--- Dataset section ---

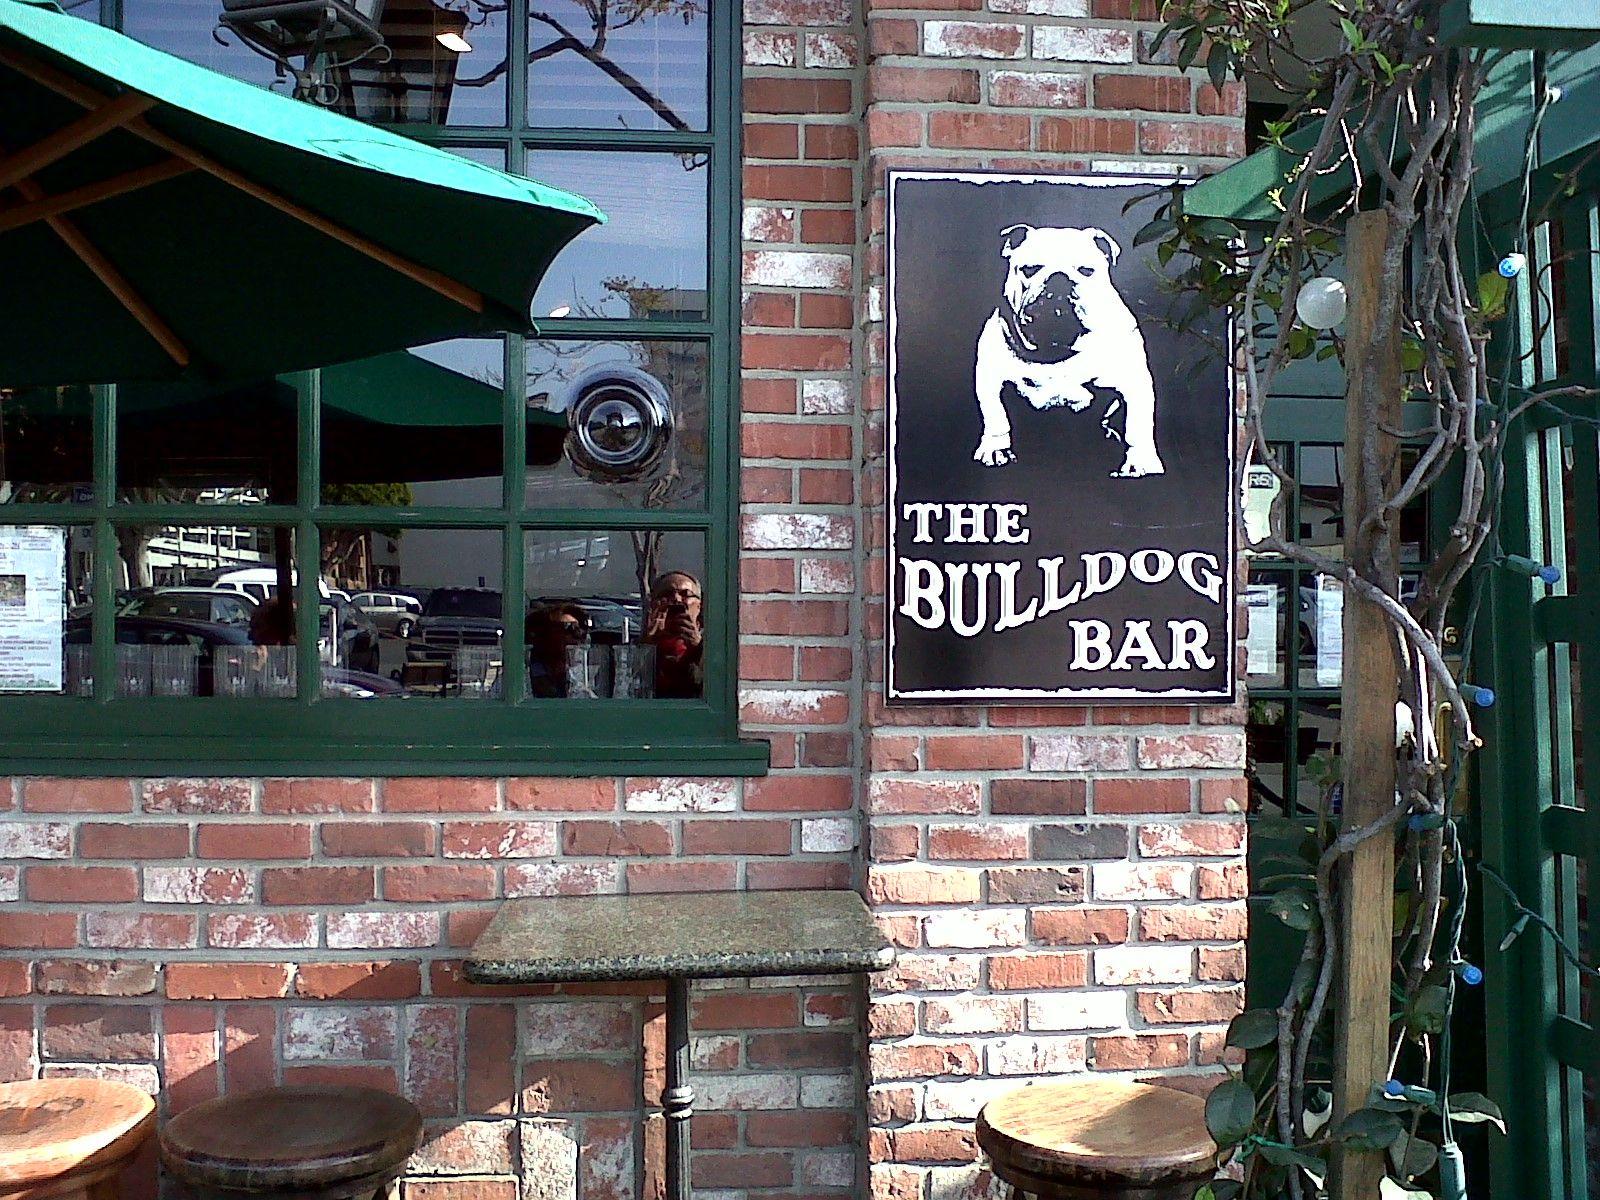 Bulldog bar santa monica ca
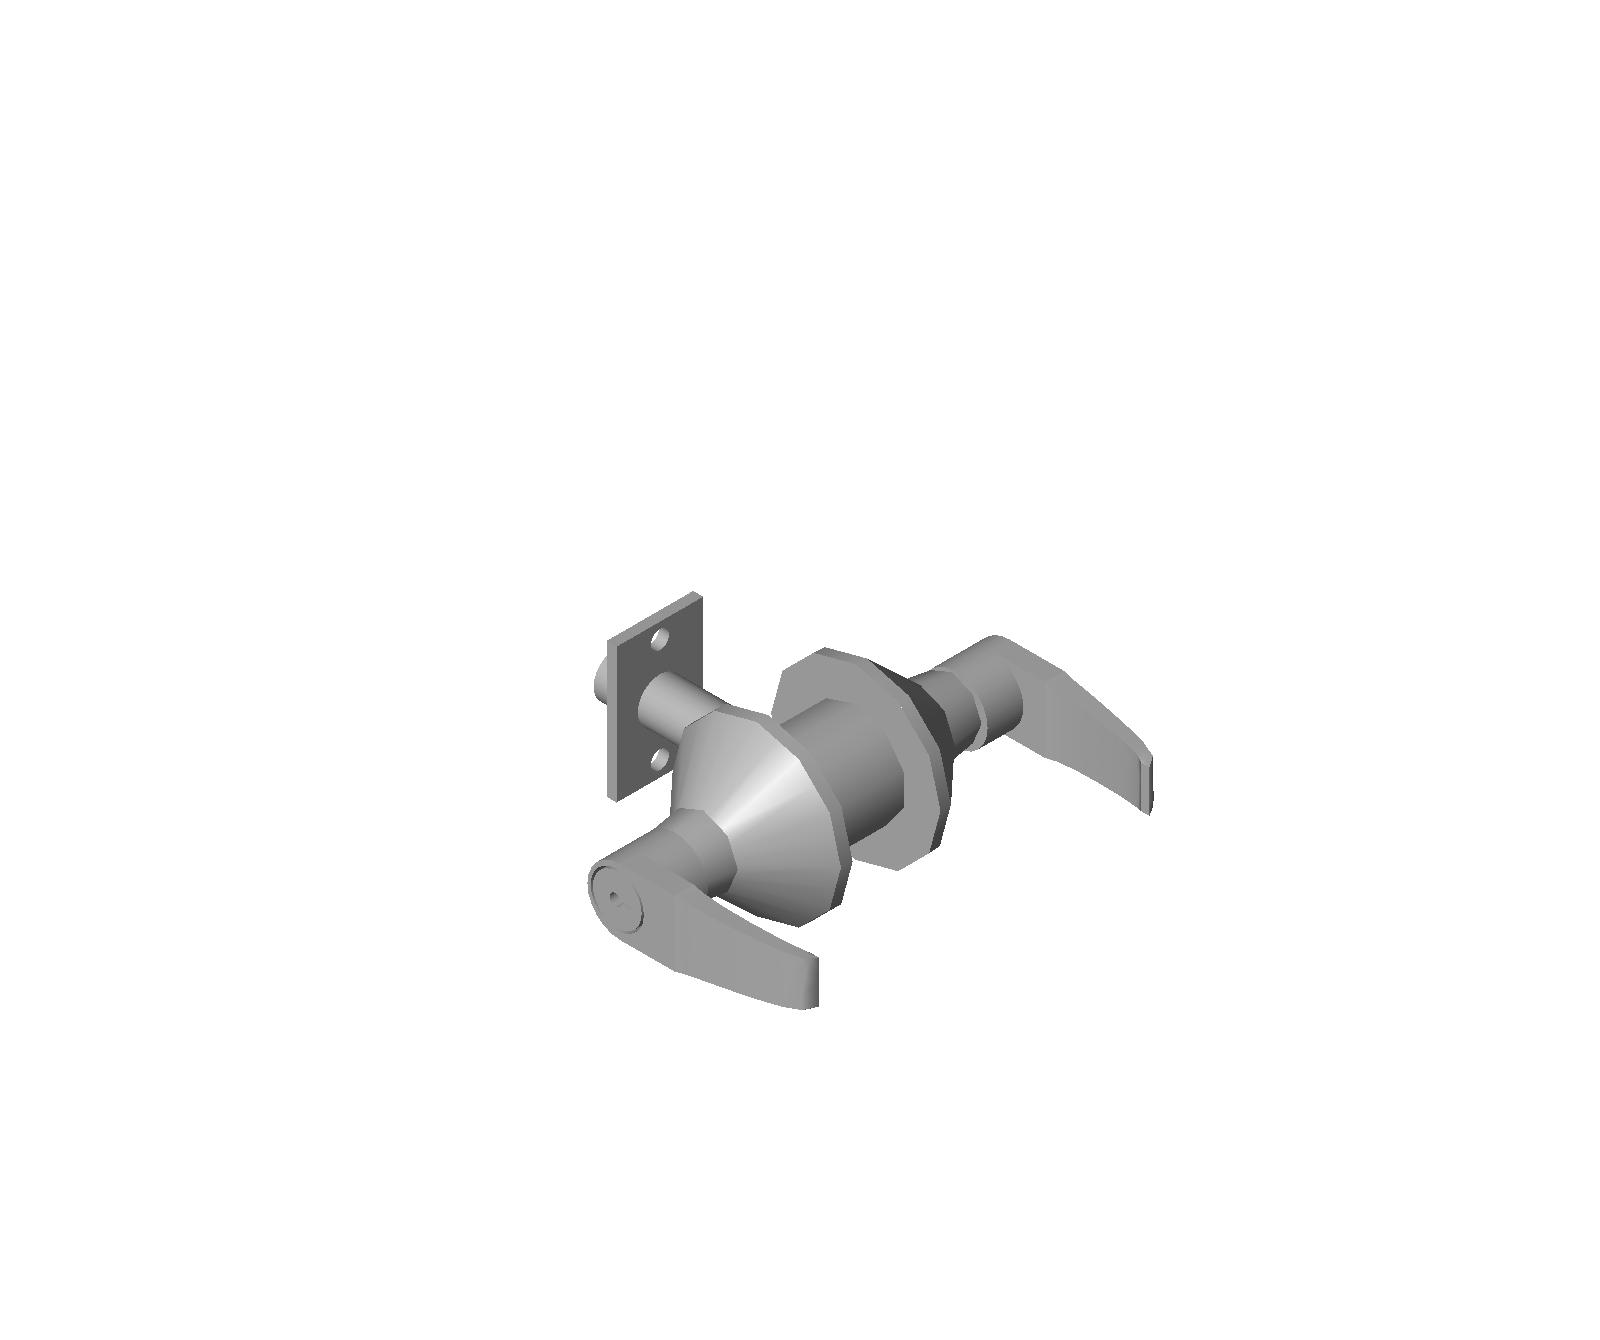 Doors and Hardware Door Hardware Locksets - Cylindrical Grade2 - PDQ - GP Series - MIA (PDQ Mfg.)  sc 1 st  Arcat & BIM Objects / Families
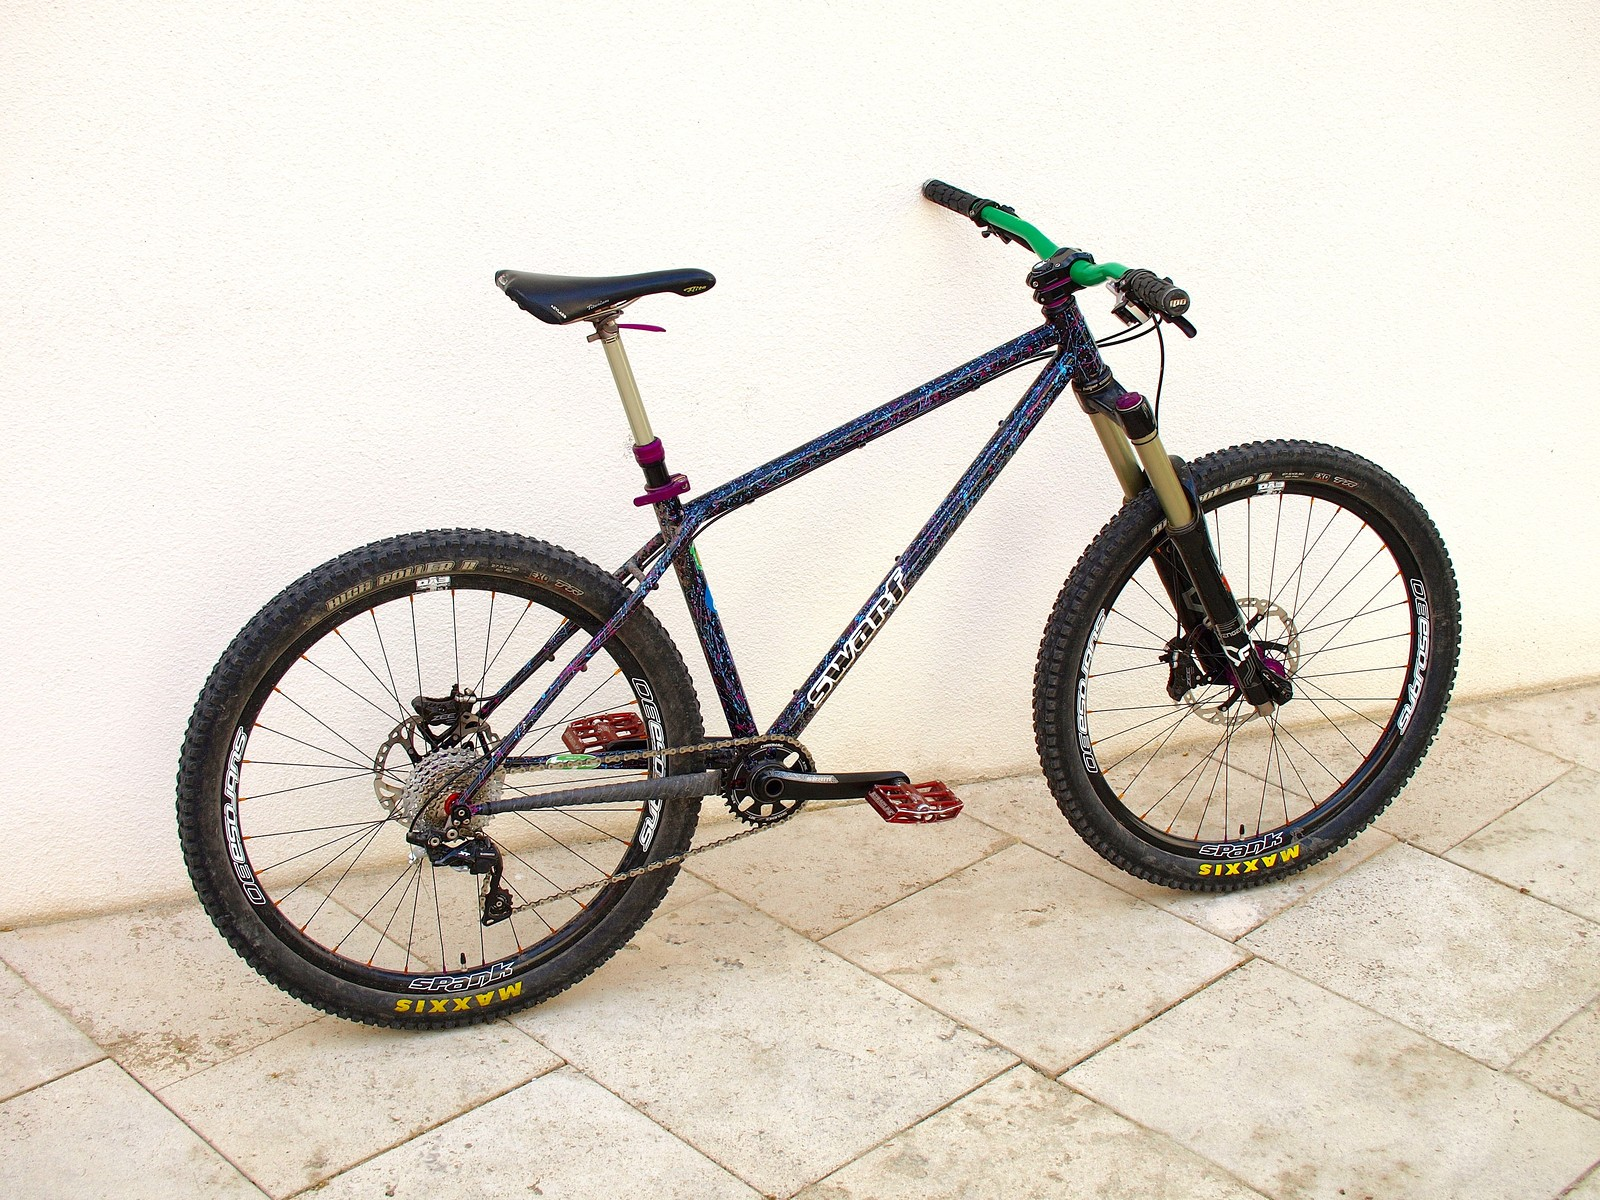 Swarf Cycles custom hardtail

---

» **Task**:
Reproduce the full material exactly, excluding the pictures.

» **Output of the exercise**:
 Bulldog bar santa monica ca
 Doors and Hardware Door Hardware Locksets - Cylindrical Grade2 - PDQ - GP Series - MIA (PDQ Mfg.)  sc 1 st  Arcat & BIM Objects / Families
 Swarf Cycles custom hardtail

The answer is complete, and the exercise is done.